## Exercise details
Give the data below again exactly as written, without its pictures.

## Source material
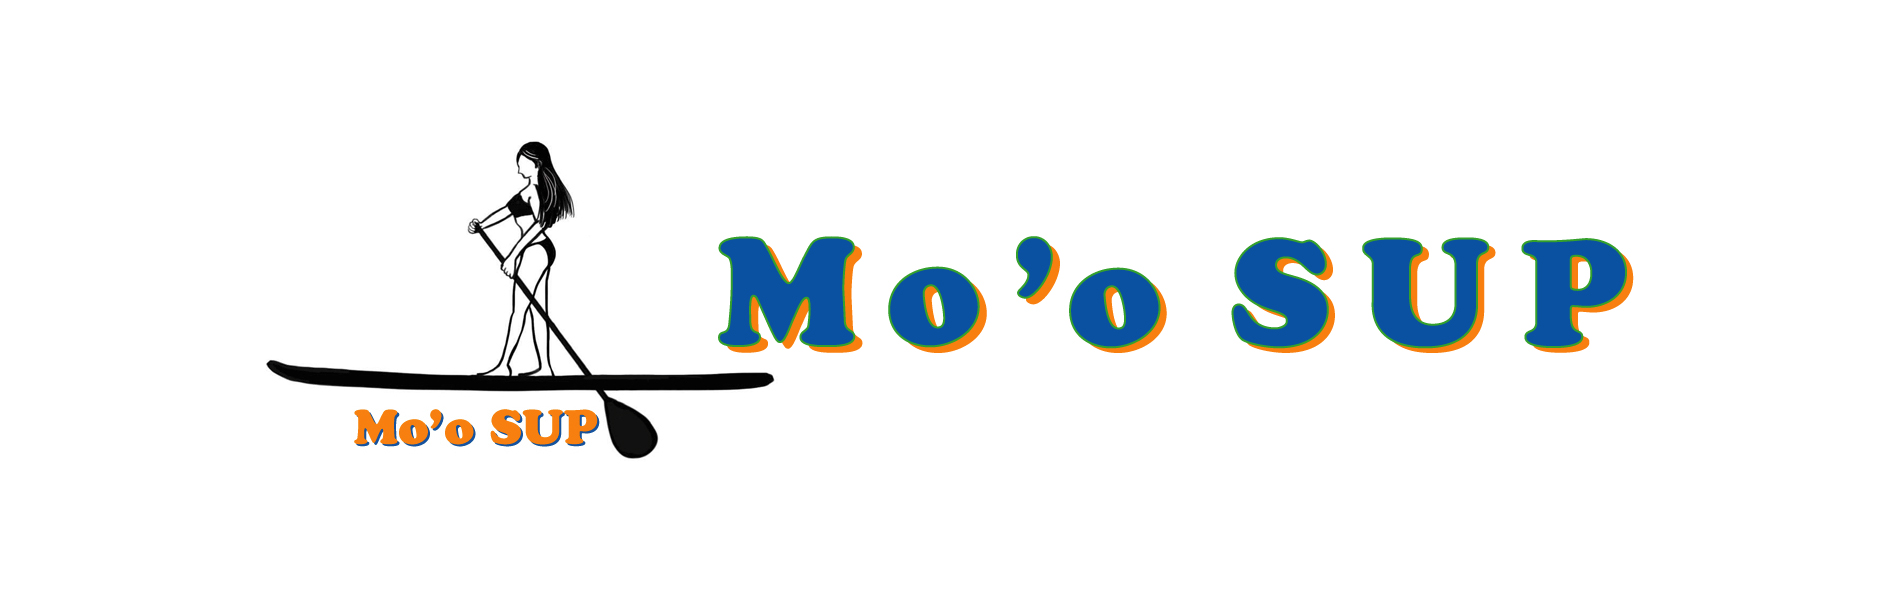 Mo'o SUP モオサップ宮古島のホームページ。
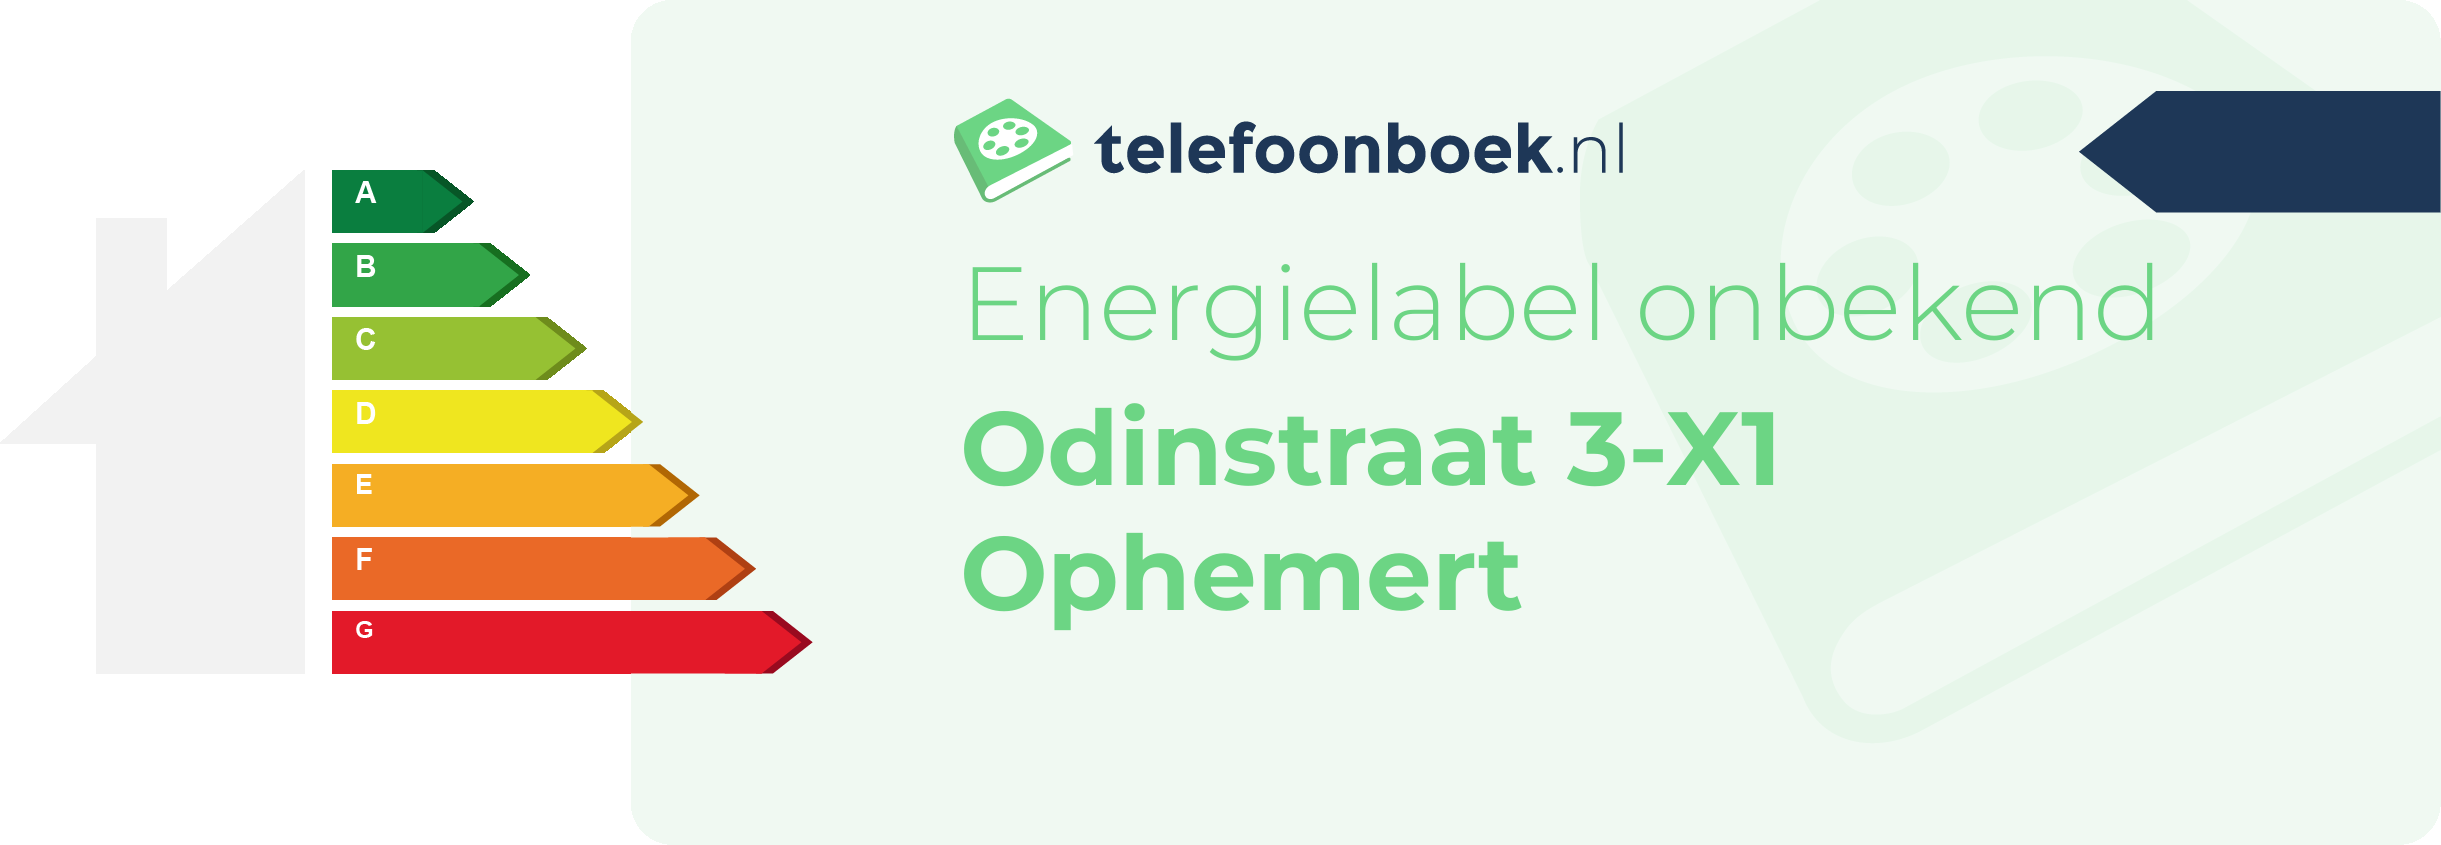 Energielabel Odinstraat 3-X1 Ophemert
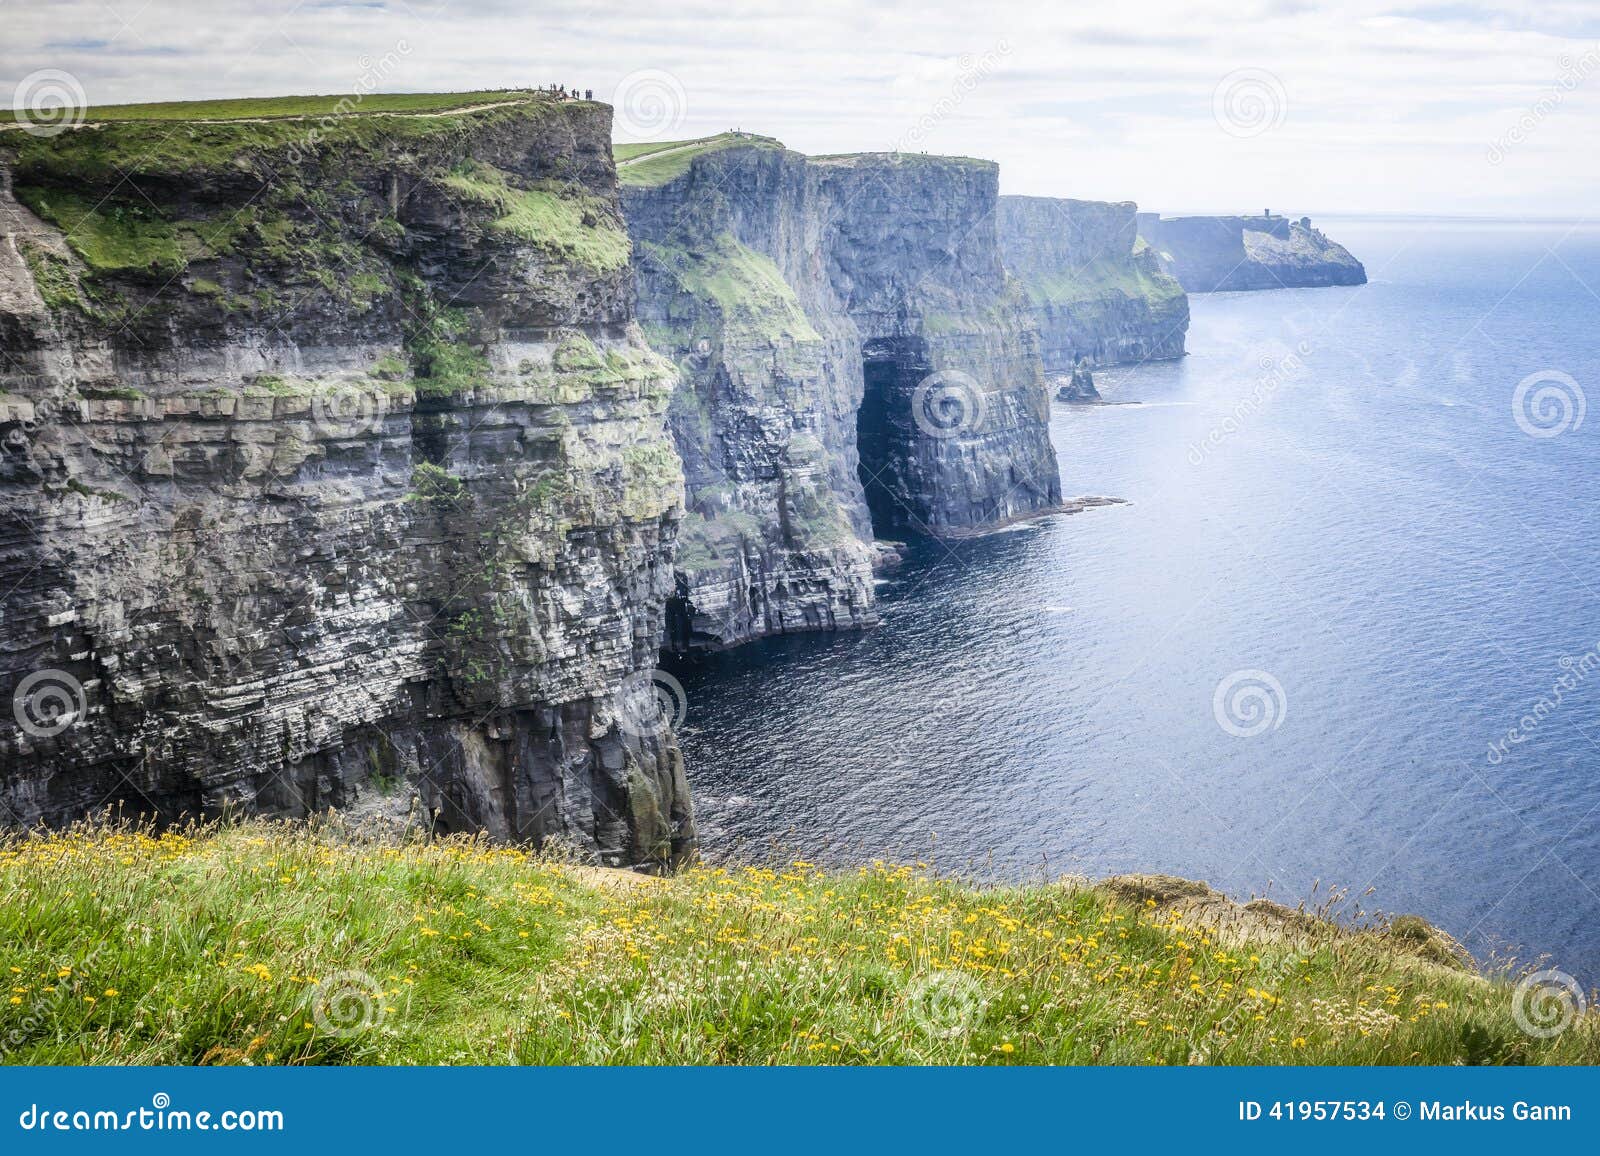 cliffs of moher ireland

## Response area
 Mo'o SUP モオサップ宮古島のホームページ。
 Energielabel Odinstraat 3-X1 Ophemert
 cliffs of moher ireland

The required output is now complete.